Stopping moments later in front of the command complex windows, it was clear why I’d been called. His Excellency Chih-Hsien Chien, emissary
of the Greater Chinese Peoples’ Space Colonization Committee, did not look happy.

Nor did Priscilla Bates, the Air Defense room duty officer. Nor her superior, David Rosler, who was now Air Operations chief. Technicians behind them studied their consoles with conspicuous diligence. Pham was sprawled in a command chair ignoring them, watching the human-vs.-drone soccer game on the situation monitors. She was infantry chief, and shouldn’t really have had any business in Air Defense.

“Ah, Mr. Torres,” said Chih-Hsien. “Thank you for coming so promptly.”

“My pleasure, Excellency.”

“That I very much doubt. However, I do bring excellent news.”

I glanced at Priscilla Bates, then at Rosler, who looked down to wipe his glasses on his shirt tail. Then back at Chih-Hsien’s wizened, hard-to-read face. “I see.”

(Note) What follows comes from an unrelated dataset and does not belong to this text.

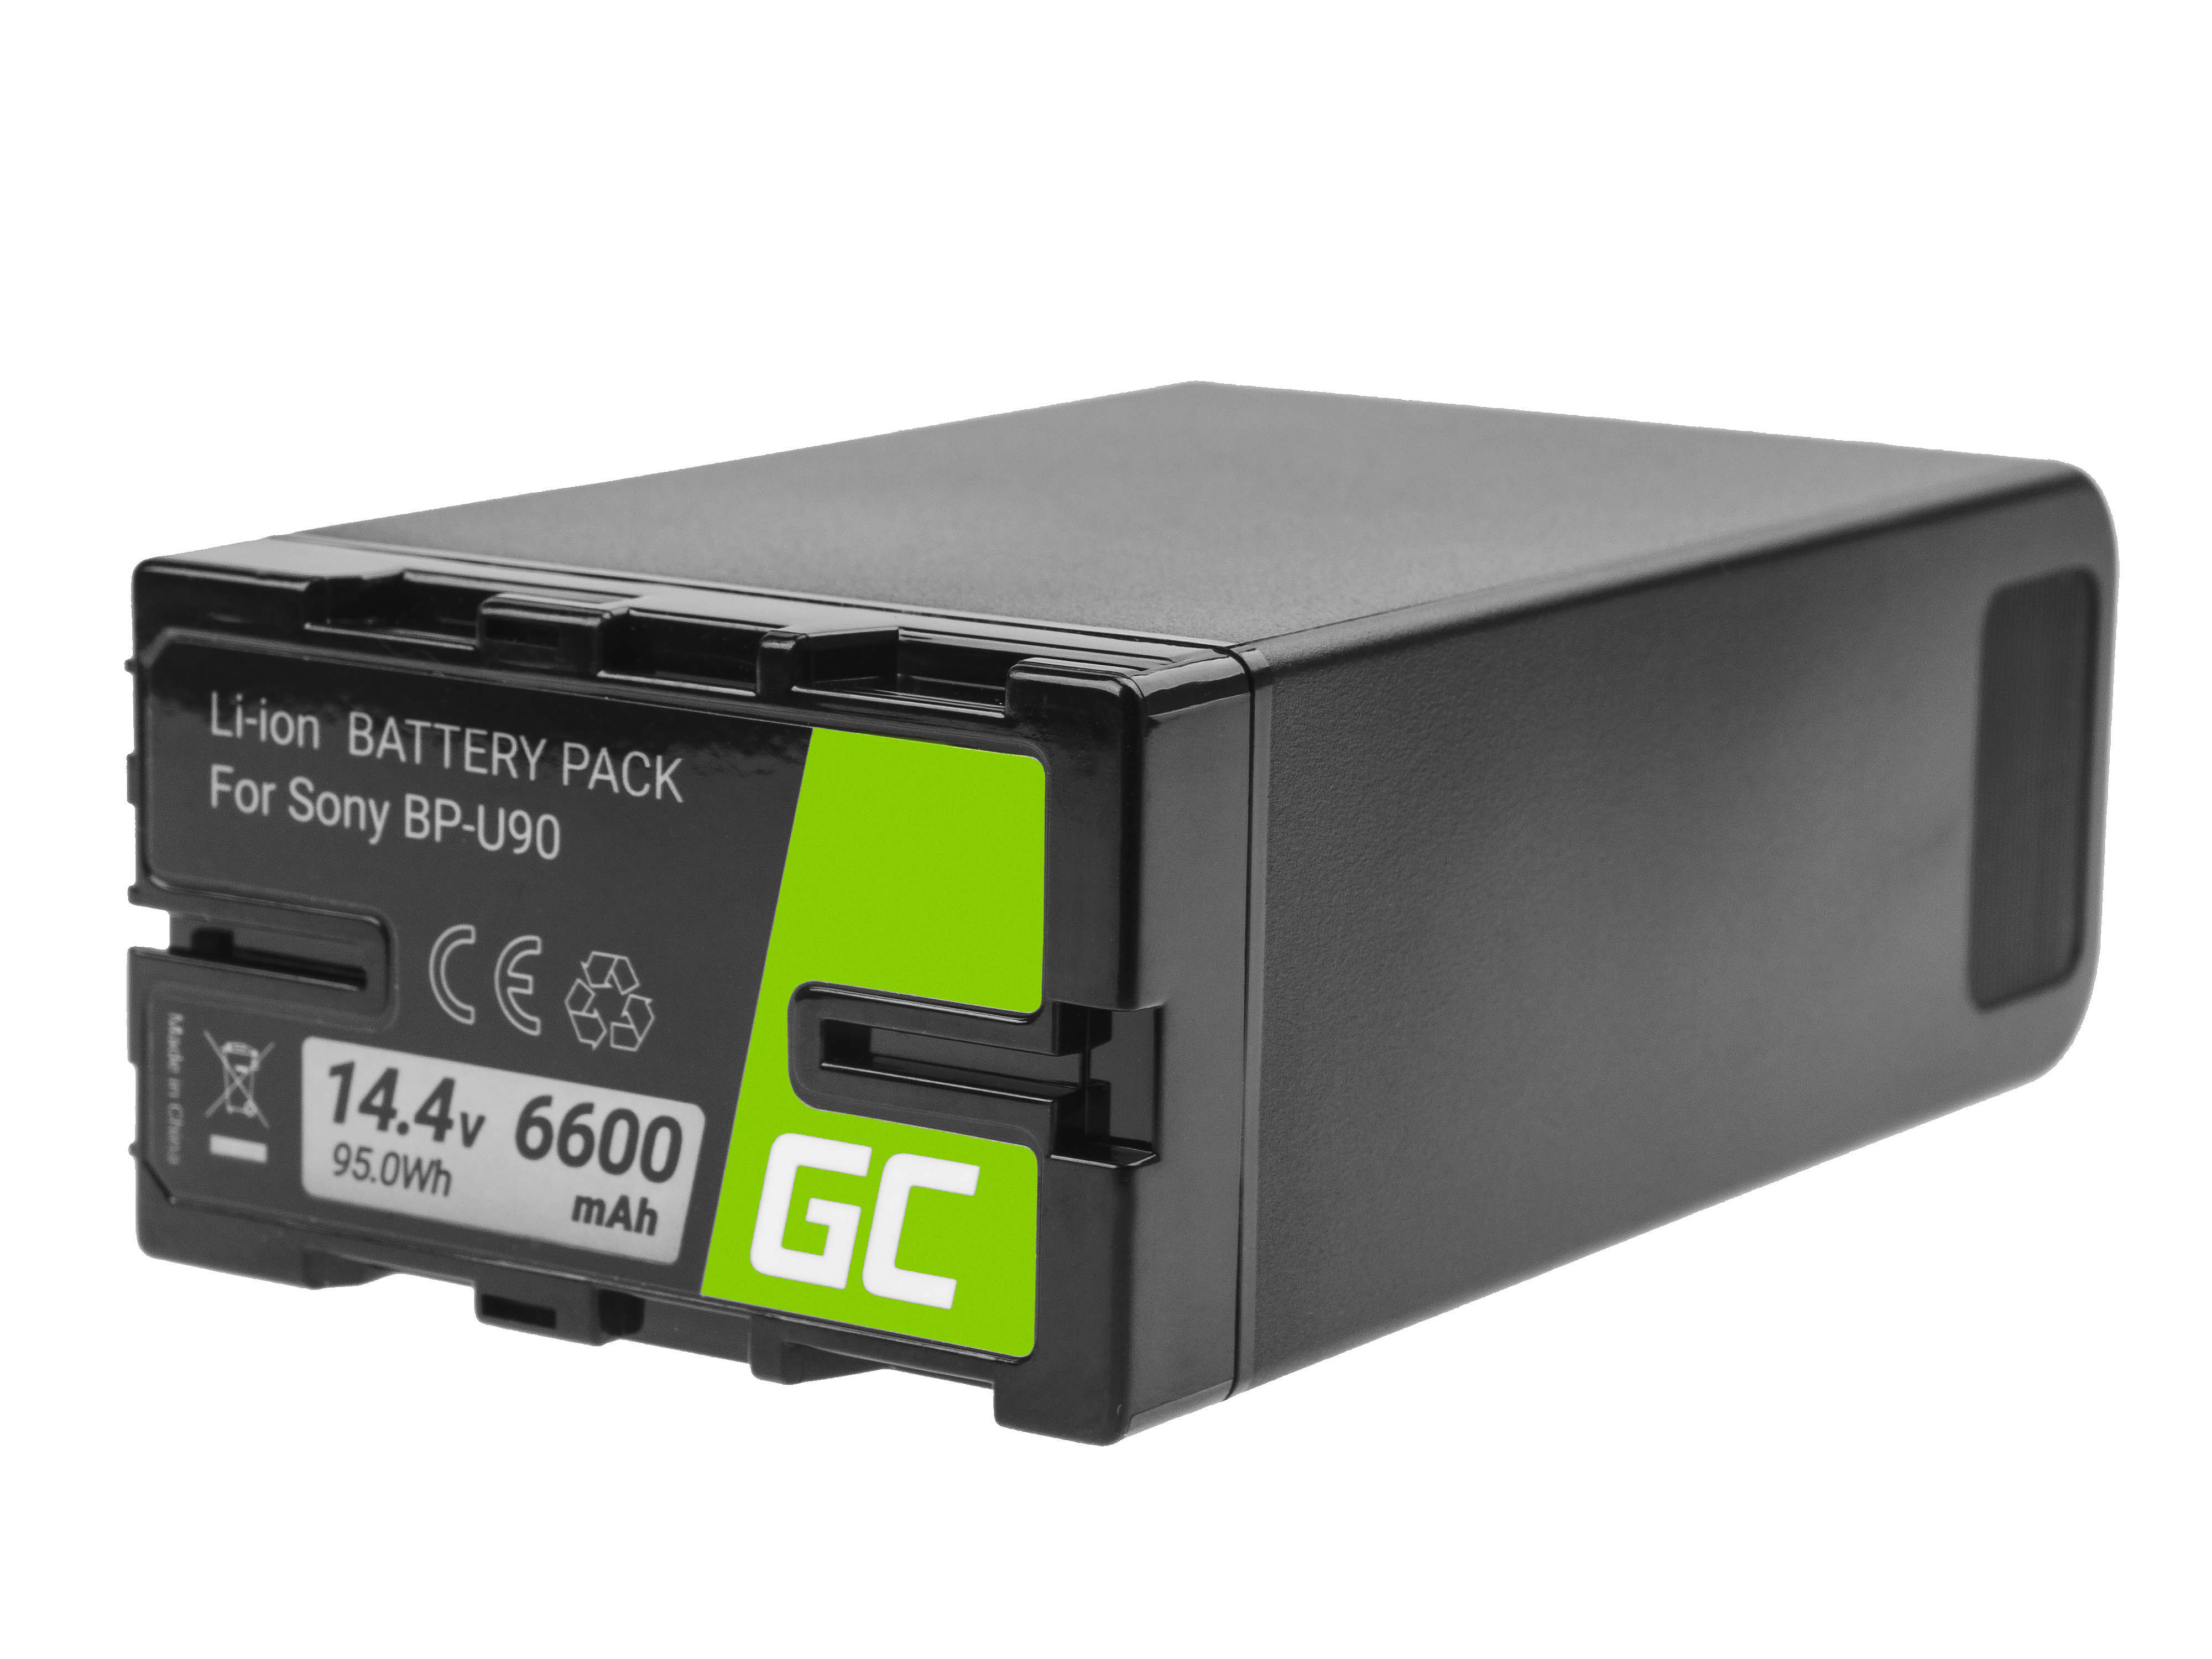 Battery Green Cell BP-U90 BP-U60 BP-U30 for Sony 6600mAh 95Wh 14.4V

“Yes. I am honored to announce that the heroic efforts by the People’s Republic of China and her valiant allies to remedy the western nations’ failure to complete the Kerr-mass toroidal projector have succeeded.”

A long pause.

“It’s been tested?”

“Yes, Mr. Torres. This morning. An object was translated through the torus at speed, in the direction of Holzstein’s Star. The predicted Hawking-Rosen effect was observed—the object appeared to possess infinite length, then vanished.”

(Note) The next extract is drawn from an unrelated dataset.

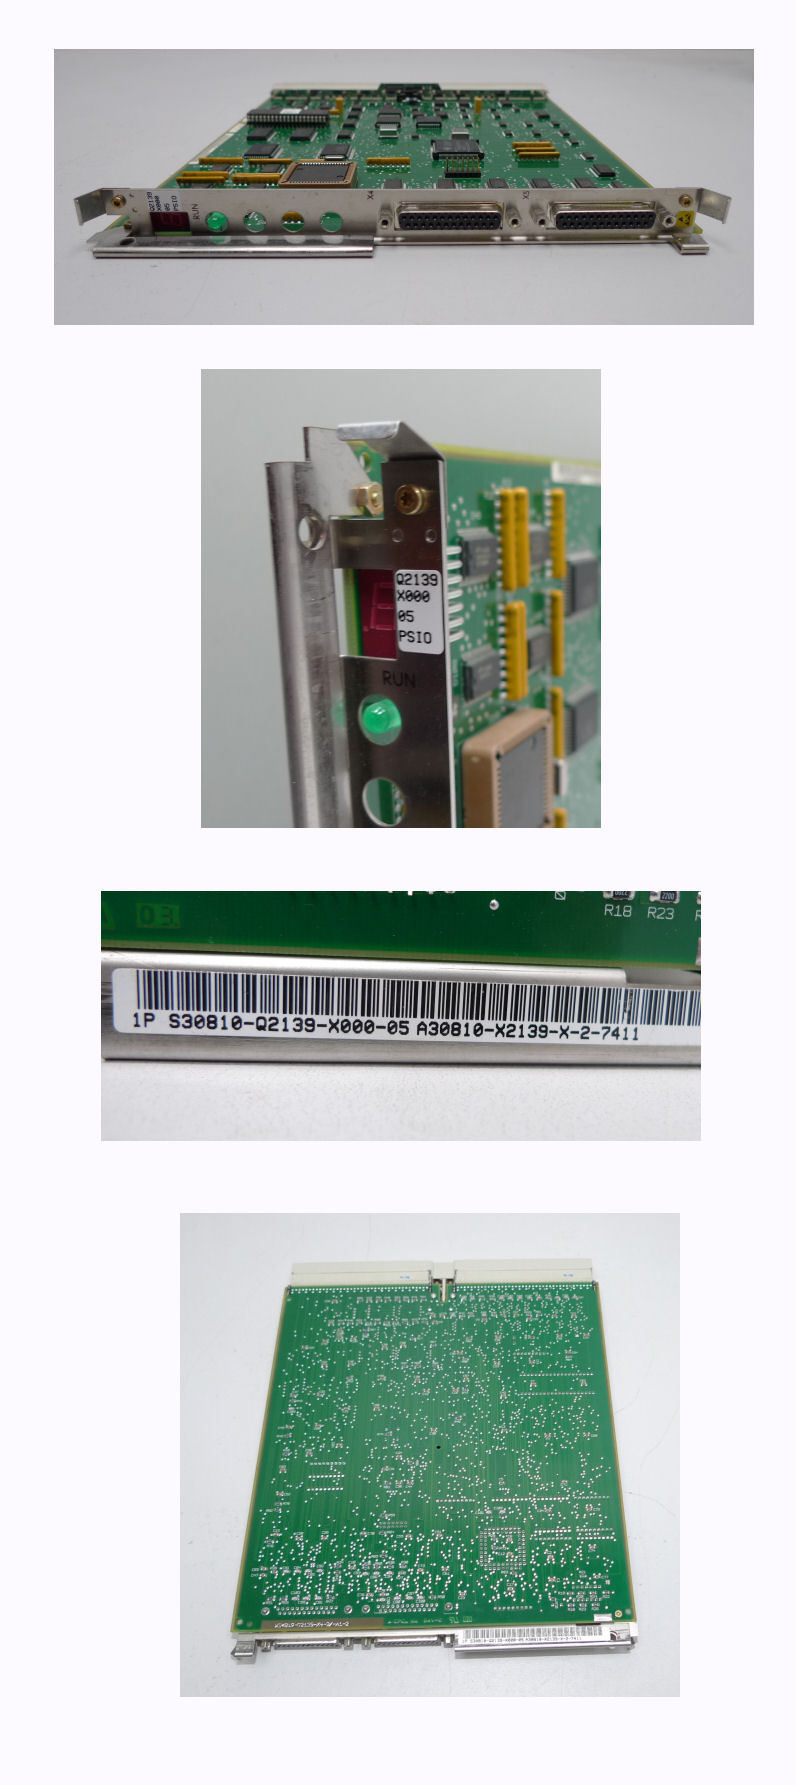 Siemens Hicom S30810-Q2139-X000 A30810-x2139

It was very good news. The tunnel was ready for the drones.

“This is certainly a great success,” I said, “for the Greater Chinese Peoples’ Committee as well as for the People’s Republic. You’ve done the colonization effort a great service.”

“A great service, yes. Disproportionately great, perhaps.”

“I believe,” I said carefully, “that our enterprise has already been disproportionately generous toward Chinese ambitions for the peaceful colonization of space. To the detriment, I might remind you, of the Africans and the Europeans.”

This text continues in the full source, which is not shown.